How to find a doctor if you have WPW
What is Wolff-Parkinson-White Syndrome (WPW)?
Normally, the heartbeat begins at the sinoatrial (SA) node, located in your right atrium. When the SA node fires, electrical
activity spreads through the right and left atria, causing them to contract. The impulses travel to the atrioventricular (AV) node,
which is the bridge that allows the impulses to go from the atria to the ventricles. The impulse then travels through the walls of
the ventricles, causing them to contract. The hearts regular pattern of electrical impulses causes the heart to fill with blood and
contract in a normal fashion.
Normal Heart Rhythm

Wolff-Parkinson White (WPW)


WPW is an electrical abnormality in the heart that may be associated with supraventricular tachycardia (fast heart rate originating
above the ventricles).
When you have WPW, along with your normal conduction pathway, you have an extra pathway called an accessory pathway.
They are normal heart muscle, not specialized electric tissue, and they may:
Conduct impulses faster than normal
Conduct impulses in both directions
The impulses travel through the extra pathway (short cut) as well as the normal AV-HIS Purkinje system. The impulses can
travel around the heart very quickly, in a circular pattern, causing the heart to beat unusually fast. This is called re-entry
tachycardia.
Wolff-Parkinson-White Syndrome - WPW
Re-entry arrhythmias occur in about 50 percent of people with WPW; some patients may also have atrial fibrillation(a common
irregular heart rhythm distinguished by disorganized, rapid, and irregular heart rhythm). Although rare, the greatest concern for
people with WPW is the possibility of having atrial fibrillation with a fast ventricular response that worsens to ventricular
fibrillation, a life-threatening arrhythmia.
History
In 1930, Wolff, Parkinson and White described a distinct electrocardiograph (ECG) pattern in healthy young people with short
bursts of tachycardia.
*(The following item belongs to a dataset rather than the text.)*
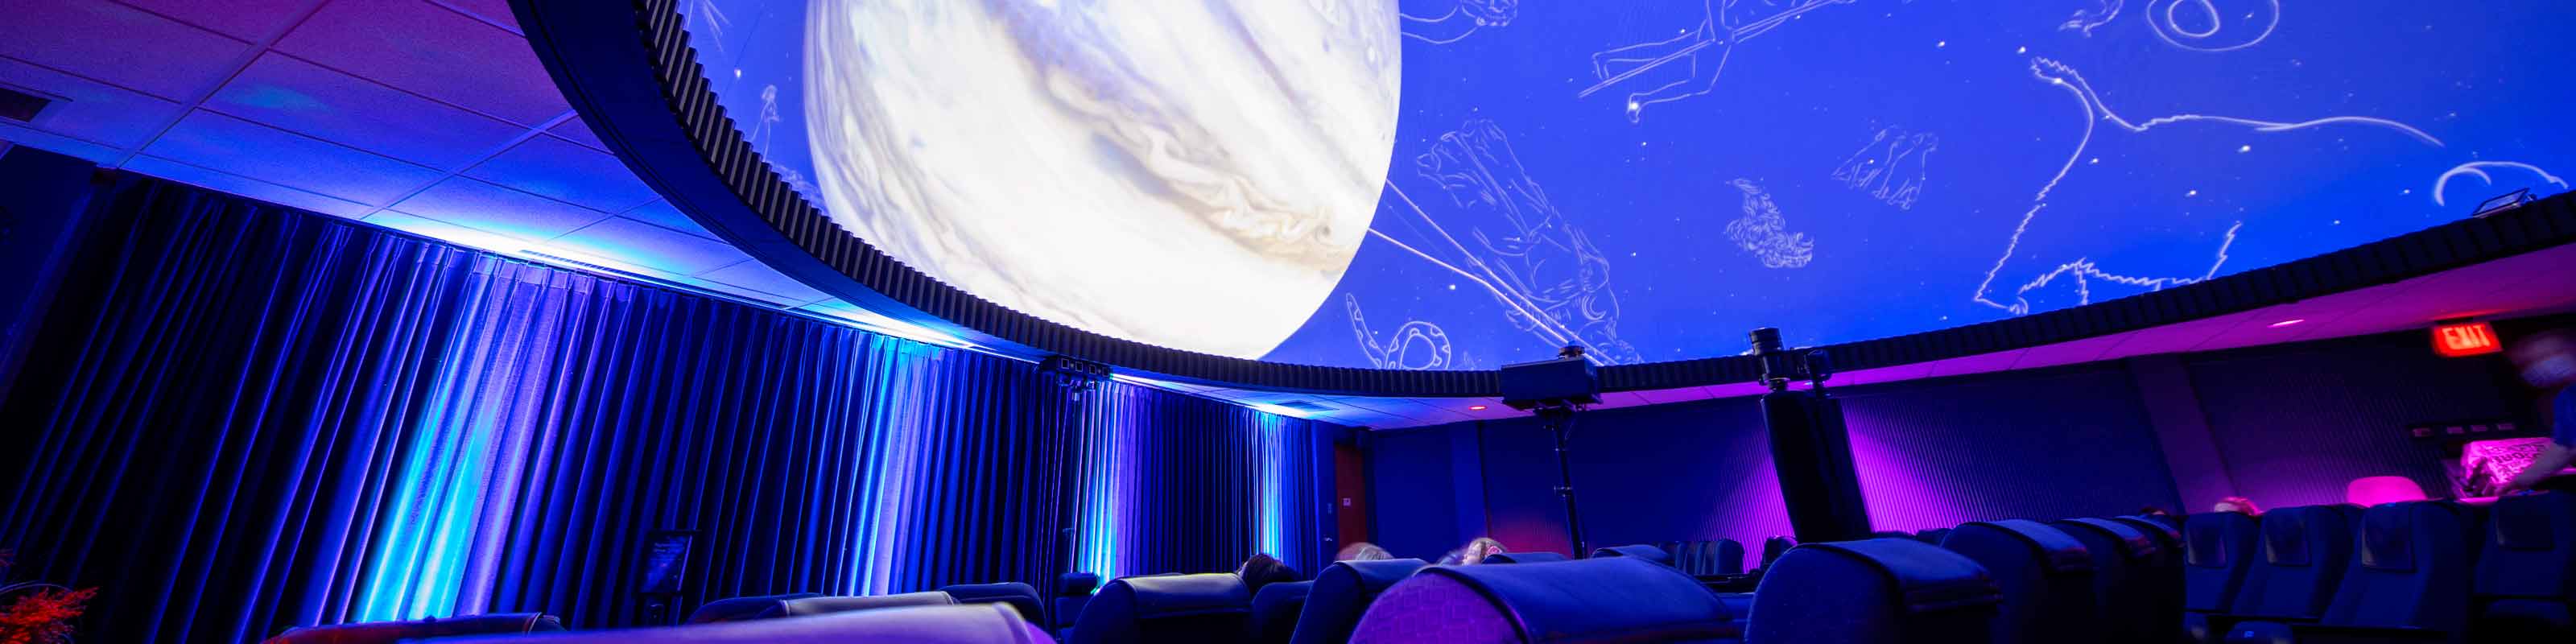 Photo of the planetarium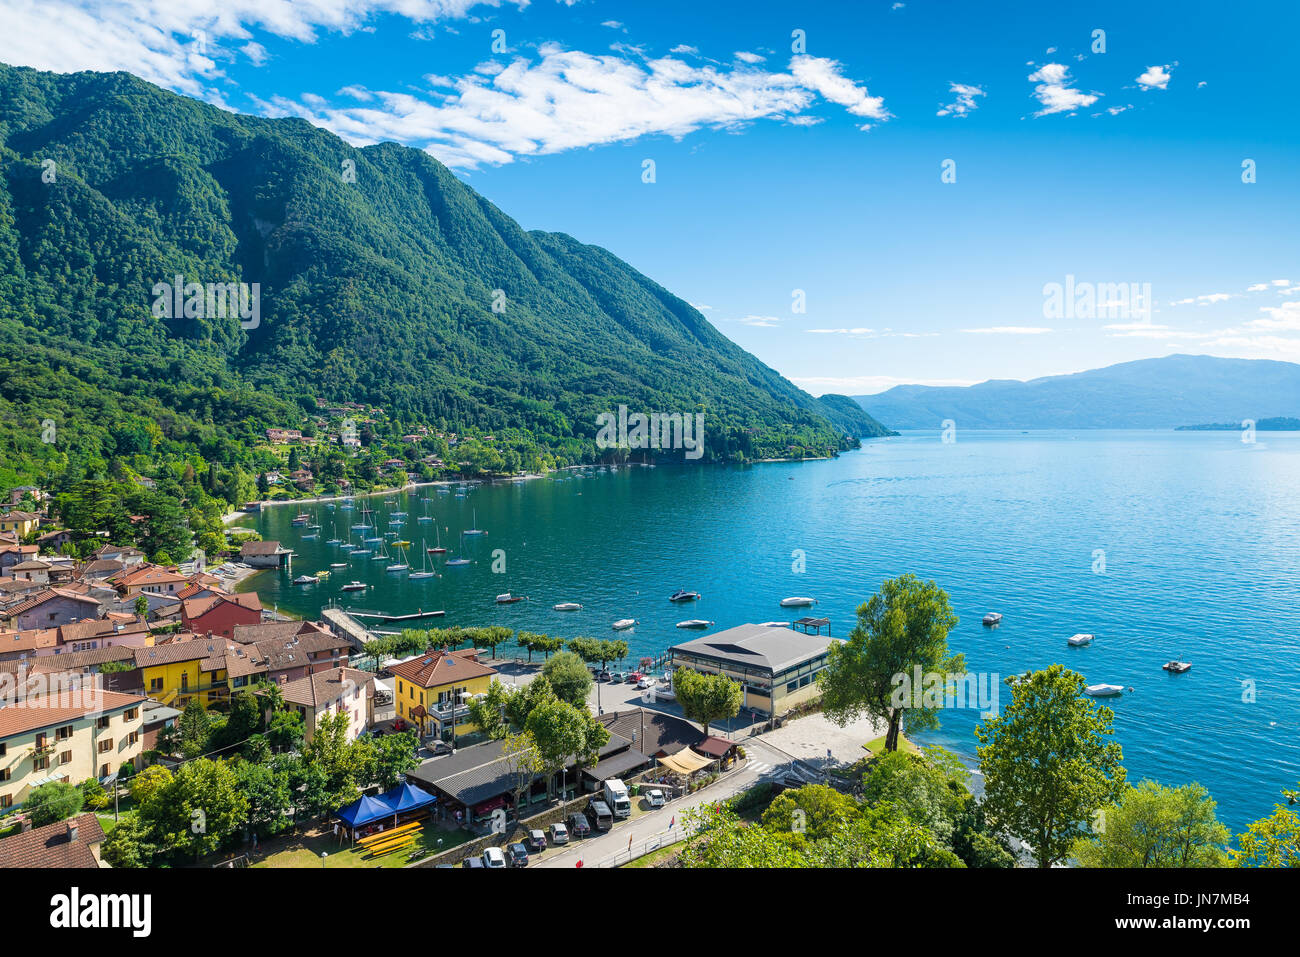 Il Lago Maggiore, il Verbano, Caldè, Italia. Uno degli angoli più suggestivi del lago Maggiore su una bella giornata d'estate Foto Stock

In 1933, other doctors noted the reason for this irregular rhythm was a faster passage of impulses traveling
through the ventricles. In 1944, doctors confirmed the presence of extra pathways.
What causes WPW?
Prevalence:
WPW is a congenital heart abnormality. It is the most common type of ventricular preexcitation (preexcitation: the impulses
travel to the ventricle earlier than what you would expect them to if they traveled down the normal pathway through the AV
node).
WPW occurs randomly in the general population, occurring in about 1 to 3 per 1,000 persons. In the general population, men
have a higher incidence of WPW than women do, and there is a higher incidence of multiple accessory pathways in men.